• _What this task involves_
For this exercise, reproduce only the lines from the one holding "A small ،ically" through the final line of the data below, exactly, and omit pictures.

• _Material provided_

======

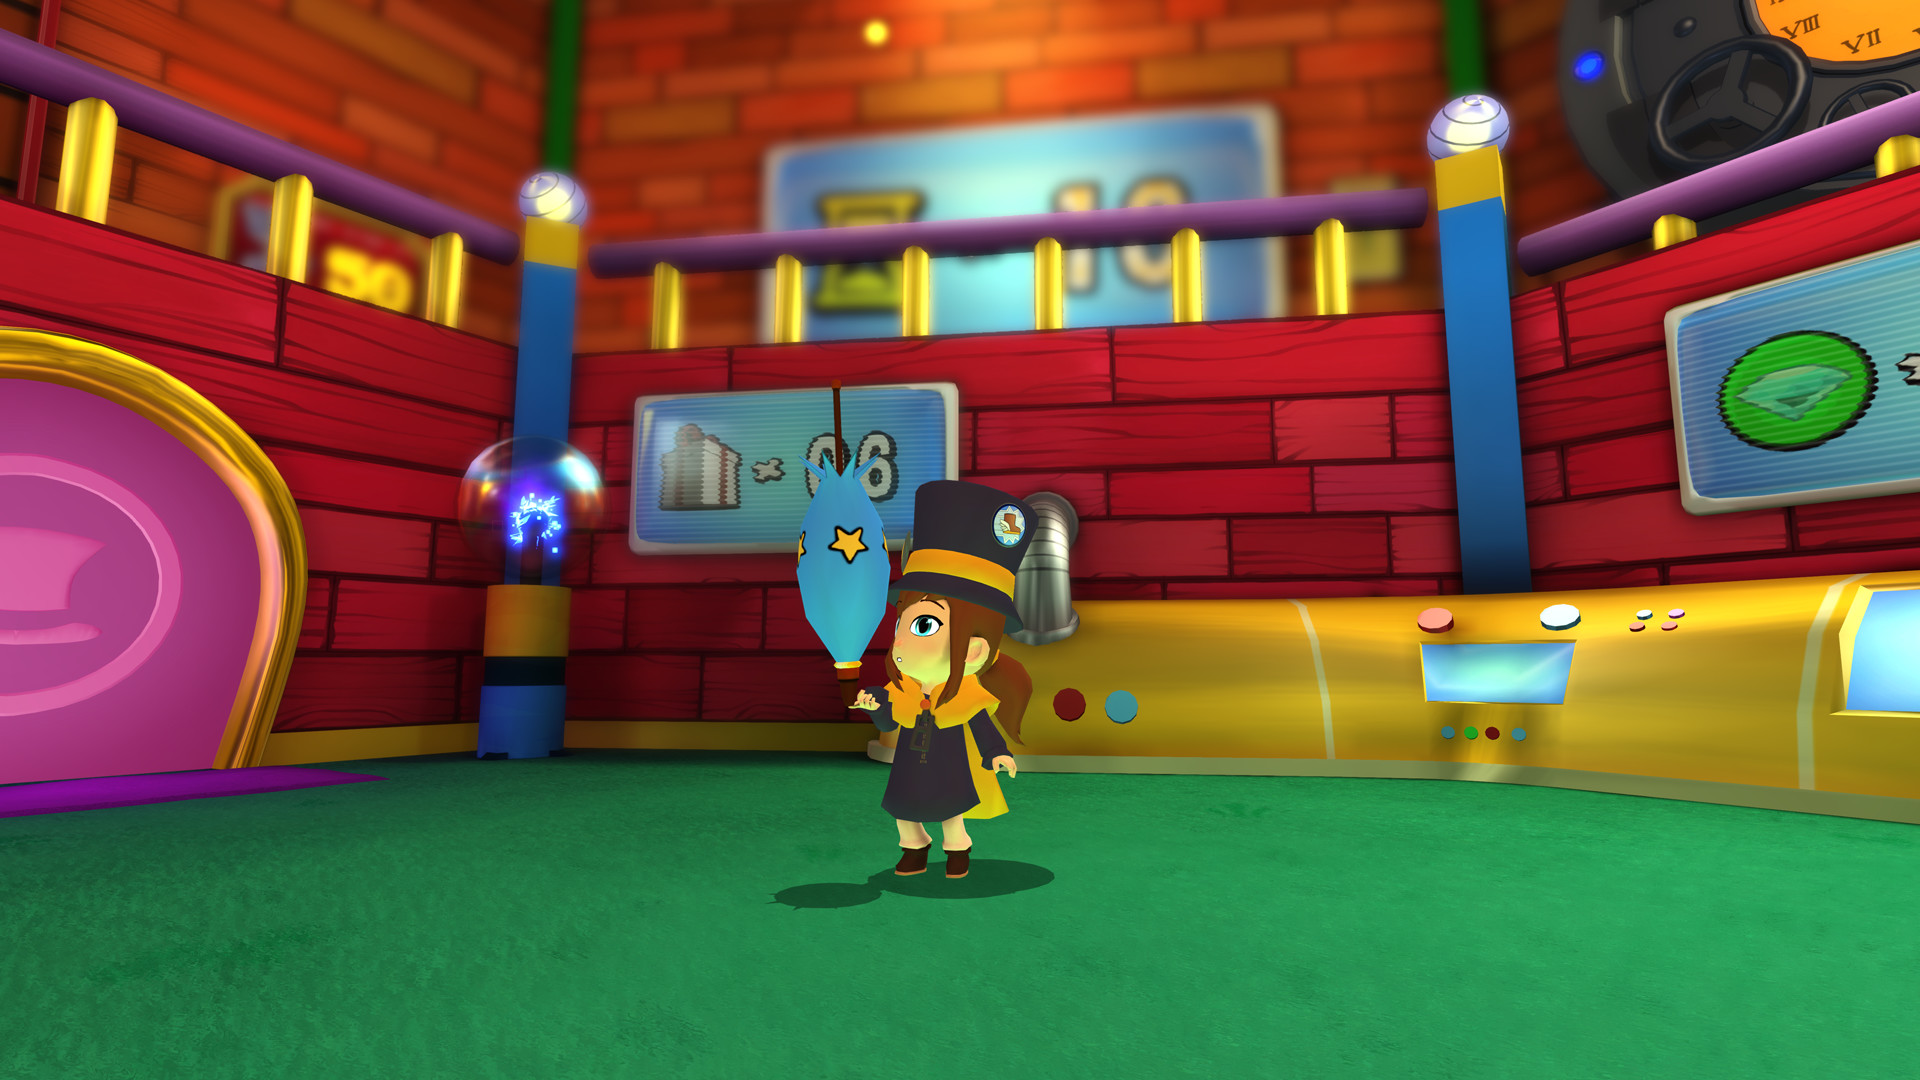 Save 50% on A Hat in Time on Steam
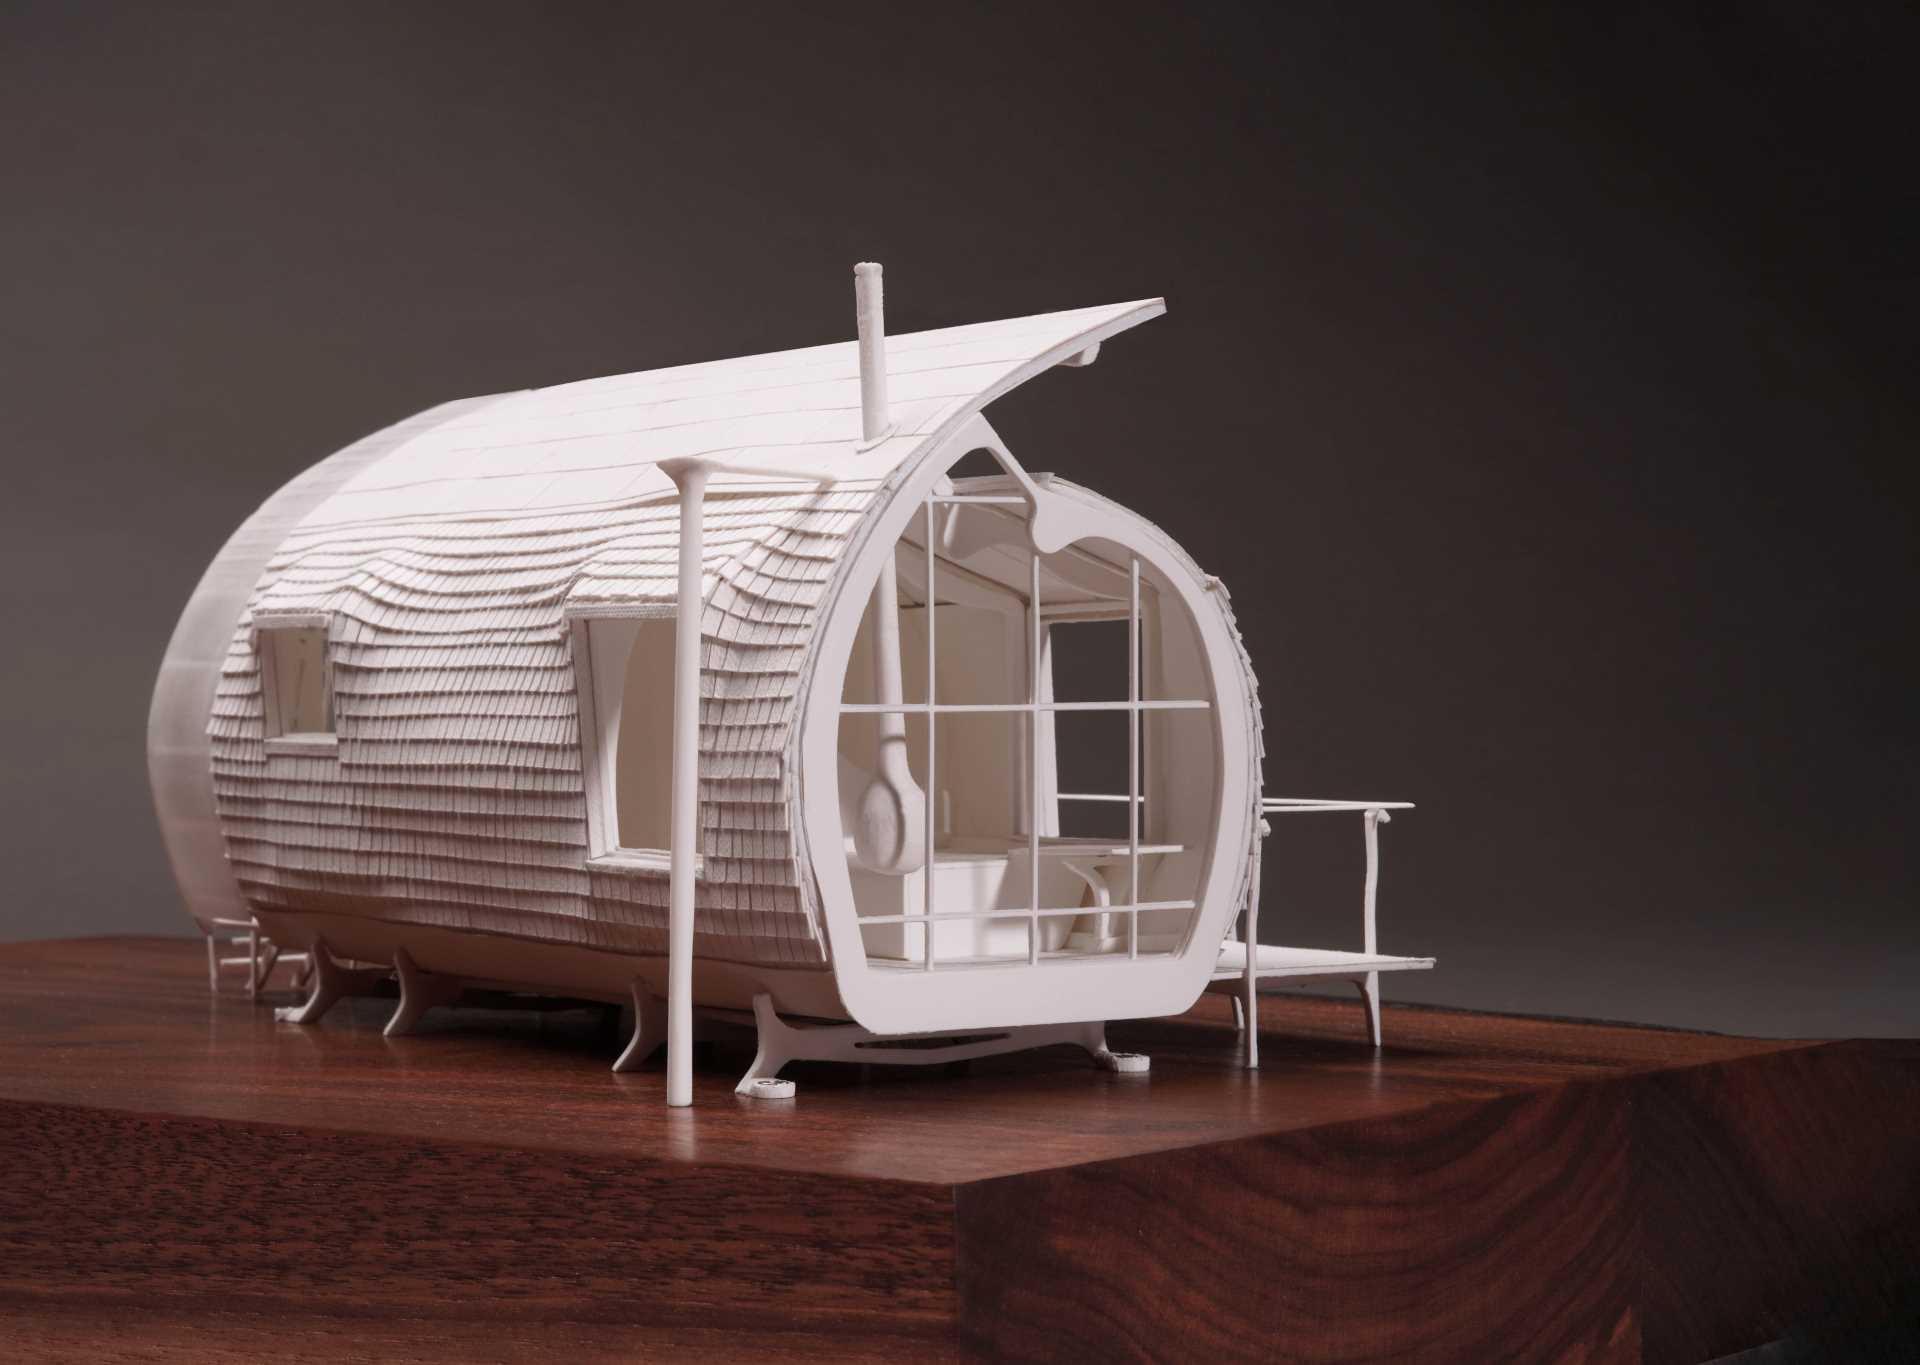 A small ،ically shaped cabin clad in wood ،ngles.
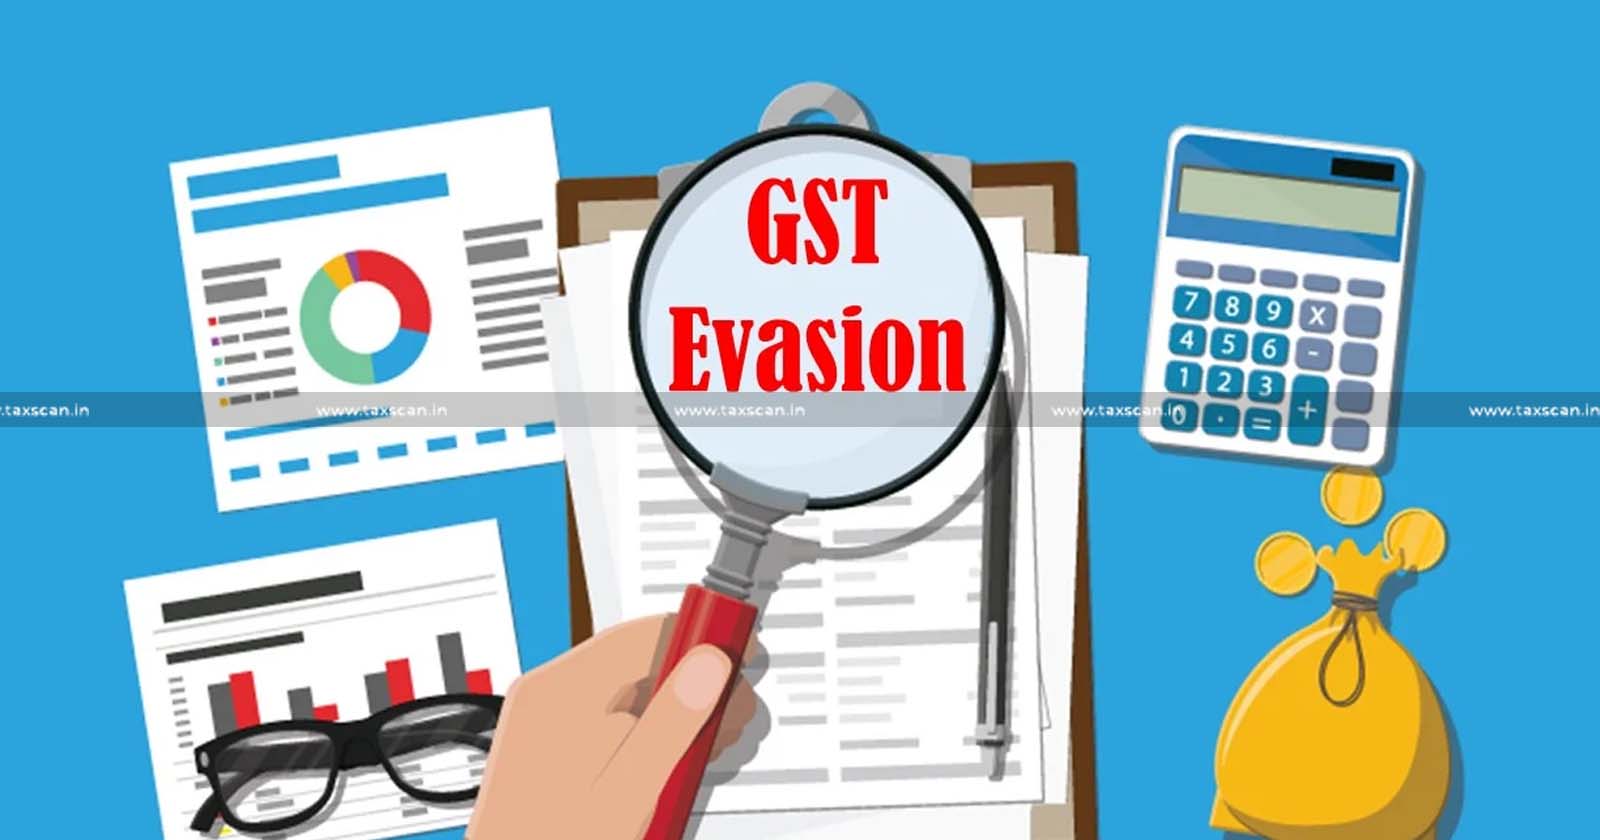 Two Mumbai Customs Officers Defrauds - Business man for settling GST evasion -Customs Officers Defrauds -GST evasion - taxscan

======

• _Written response_
 A small ،ically shaped cabin clad in wood ،ngles.
 Two Mumbai Customs Officers Defrauds - Business man for settling GST evasion -Customs Officers Defrauds -GST evasion - taxscan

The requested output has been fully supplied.